Here is a breakdown of stuff I worked on.

1. I spent about 20 times the effort I did for my initial write of galvanise for coursera trying to get things to scale up and failing miserably. Not because of synchronization issues. But what I learned (after painfully discovering 2 threads was performing better than 60 about a 10 days before the competition) that MCTS is really not embarrassingly parallel as it first may seem. It isn't obvious but my long story short is if you have 60 threads all doing the 'select' phase at the same time, they are all going to select the same thing. And then update 60 times as if you ran it once, the tree statistics gets really messed up. In the end I updated the tree in each thread with a virtual count(ugh), and had to add explicit locking per thread in the slow path when the number of threads became larger than the number of legal moves available. The upshot is that is great for complex games, and bad for simple games like C4, where most threads as spinning on a lock most the time.

2. Tried a bunch of ad hoc variations of my own creation to replace UCB in selection phase, including some randomization (for 1), using variance and moving averages. None really seem to do better across all games, so for the competition I reverted to plain UCB.

3. I toyed with using an EMA (exponential moving average) for back propagation which actually I think works reasonable in some circumstances, but I disabled it for the competition.

4. One thing that I found that really helped was the integration of forced wins into the selection and back-propagation phases. This was also corrupting the statistics (the fix was easy but was fixed post-competition). Any node that had a 'finalised' move of score 100 for the player (and the other players were noops), could then always choose this move. Then that node can be finalised. Very quickly it can propagate back to the root what might take forever (or never) with normal convergence.

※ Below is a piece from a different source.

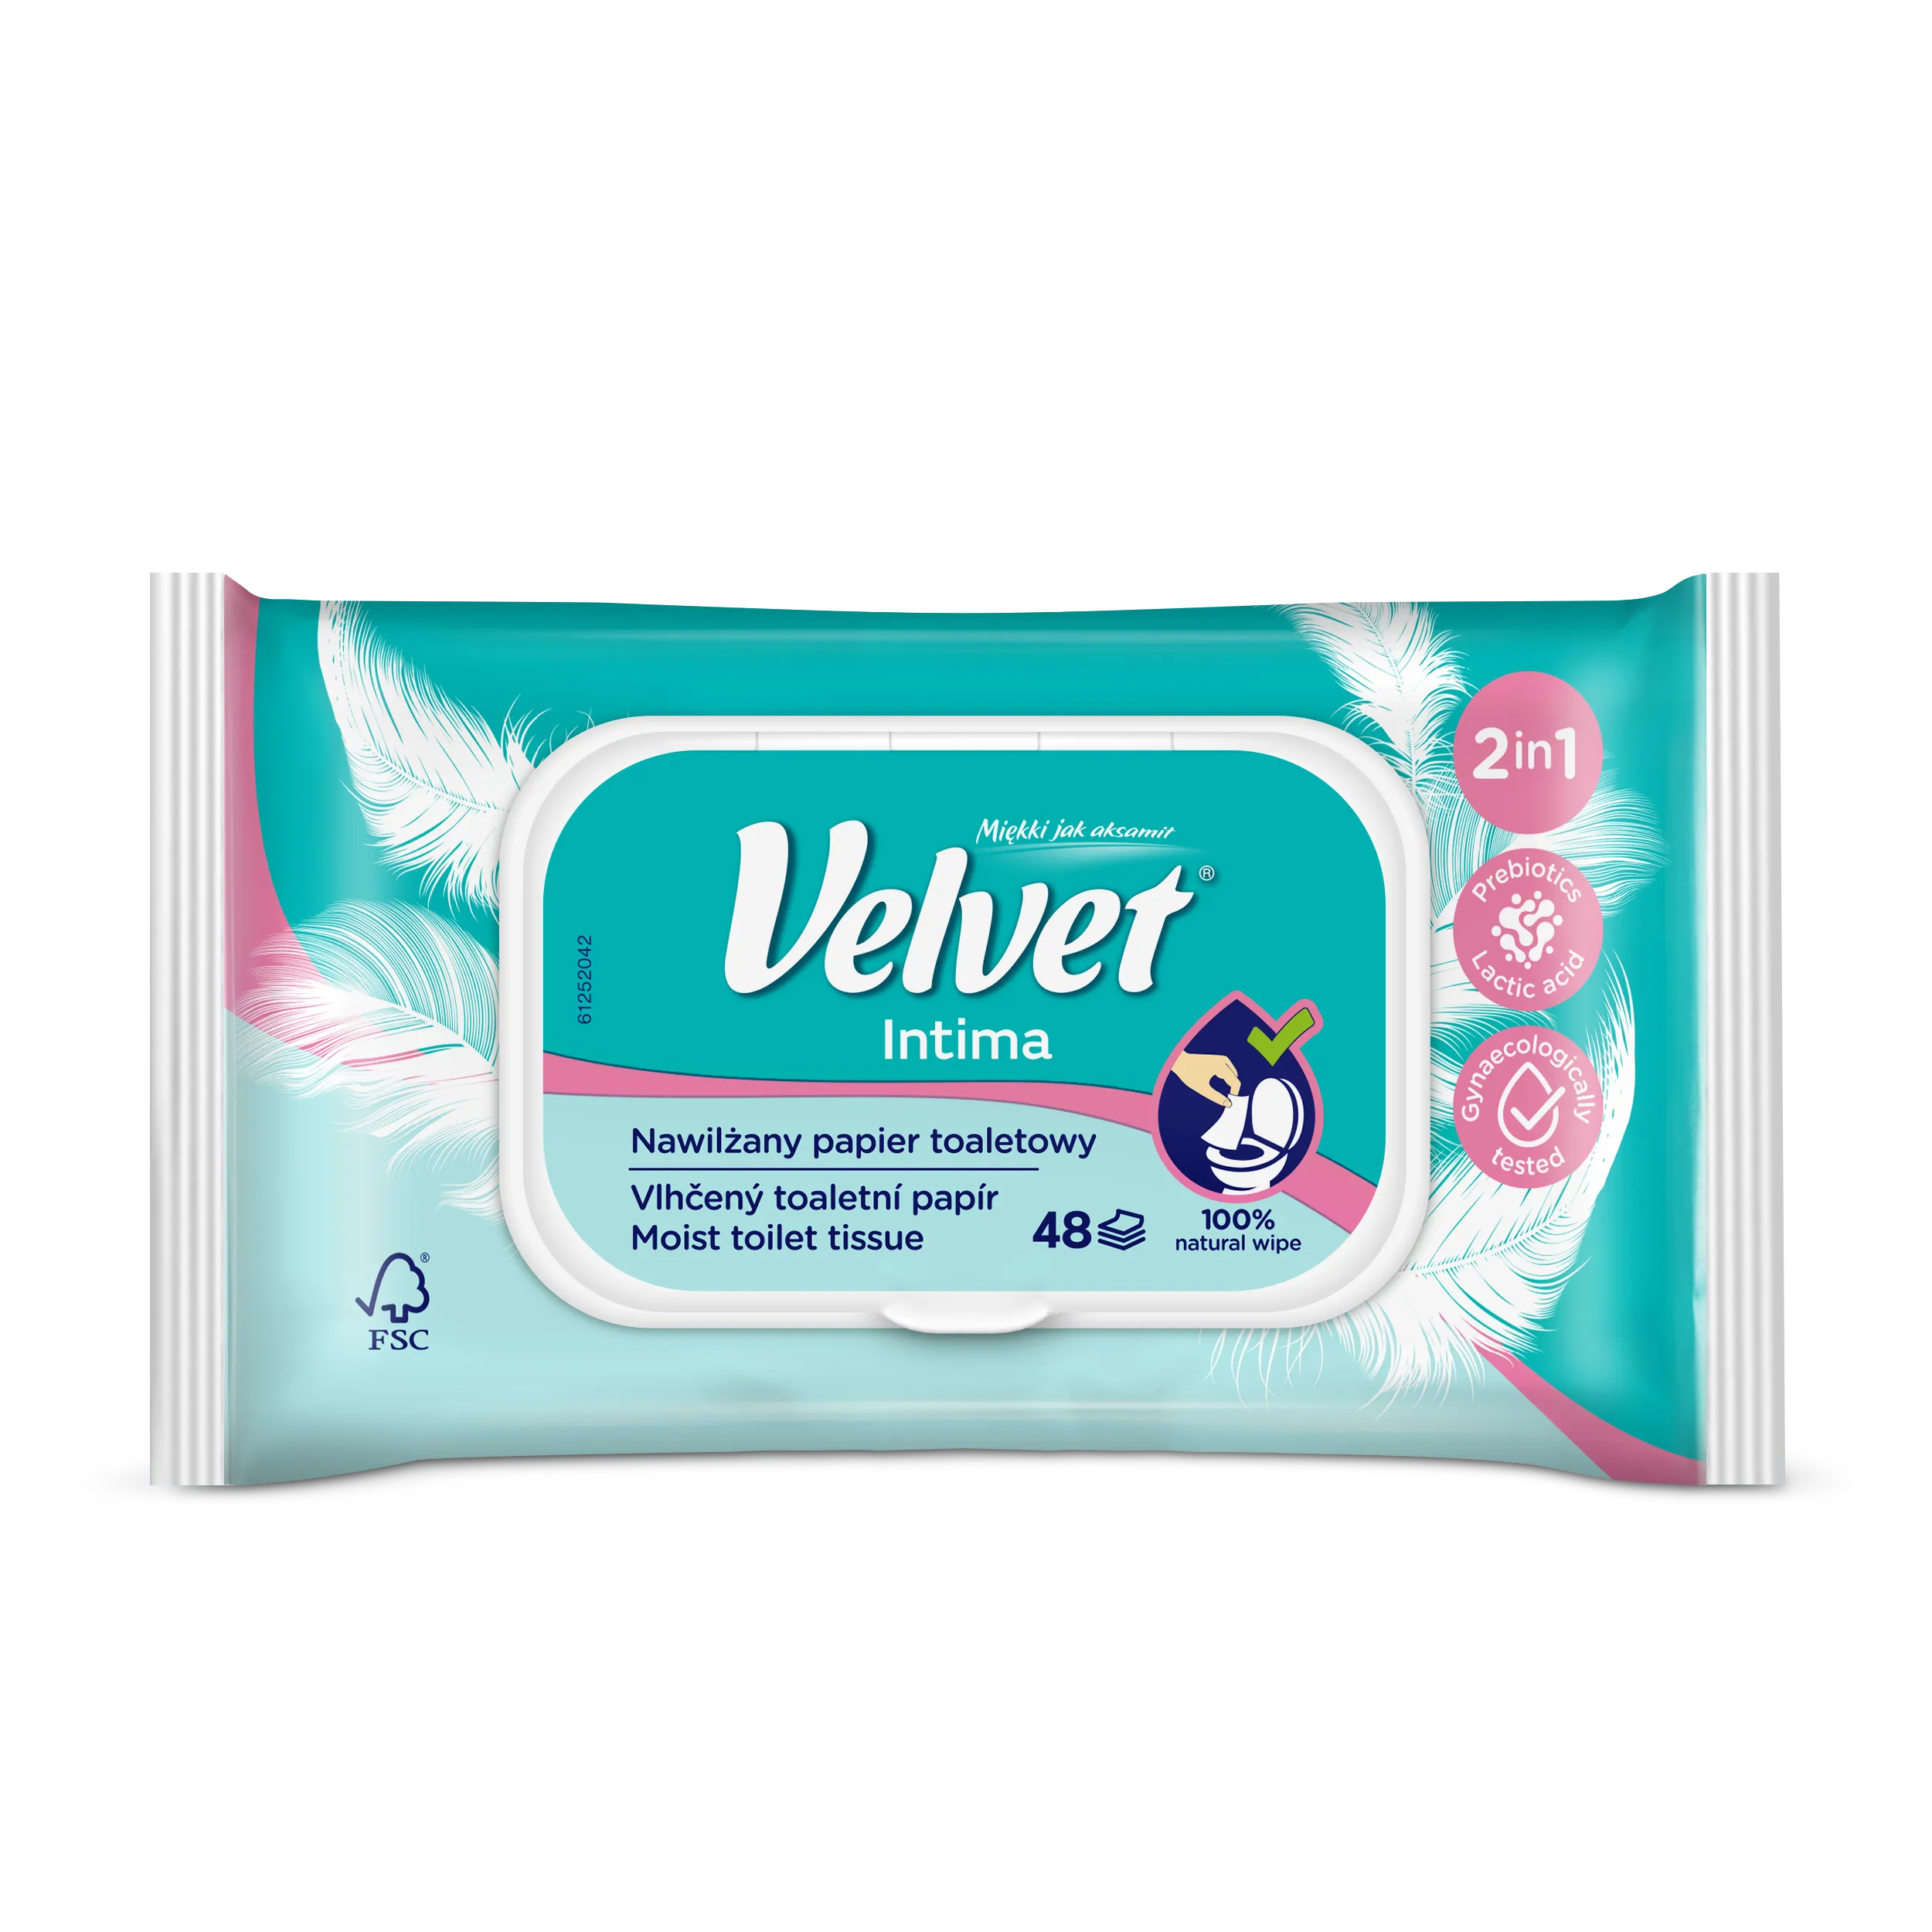 Velvet Intima nawilżany papier toaletowy dla kobiet, 1 szt.

I am currently looking at evolving neural networks for node evaluation (so I am firmly in the learning camp, that learning between games is a good thing [as long as learning is only done during play/meta time] - although it is still ambiguous what the actually rules are here), hence to try something different from MCTS. It is a long, long way off, but since my first 3-4 months ggp was a whirlwind and two competitions I feel I have a long time to play.

Steve Draper
Global Moderator

Posts: 143

Post 2014 championships discussions and info Aug 28, 2014 10:52:39 GMT -8

Quote

Post by Steve Draper on Aug 28, 2014 10:52:39 GMT -8

Richard,

Interesting stuff - I'd love to hear more about your approach to identifying killer moves for the playouts (MAST is just a global weighting learnt for all moves, independent of state they are encountered in I believe - was yours the same?).

On your numbered points:

1) Yes indeed. In Sancho we have a similar issue, because we perform rollouts asynchronously from selection (selection passes queue rollout requests, which don't complete and update the tree until later). The result is the same issue you were encountering, that multiple selections occur before the results of the previous are known. We handle this by replacing the numVisits in each node with two quantities - numVisits (used by selection and updated also by selection, so that it DOES change synchronously as it is used to calculate UCT exploration values on the selected path), and numUpdates, which is an independent count used and updated on the back-propagation pass. In the simplistic scheme numUpdates simply lags numVisits slightly in effect. More recently (post 2014 competition) I've done some work to weight different playouts differently, and as a consequence numUpdates has now become a double rather than an int, and may diverge from numVisits somewhat. I'll probably write a blog post on this at some point, but it's not a radical gain (it improves a few games significantly, but overall it's not a dramatic win, and probably wasn't worth the 2-3 weeks it cost me to get it all working right)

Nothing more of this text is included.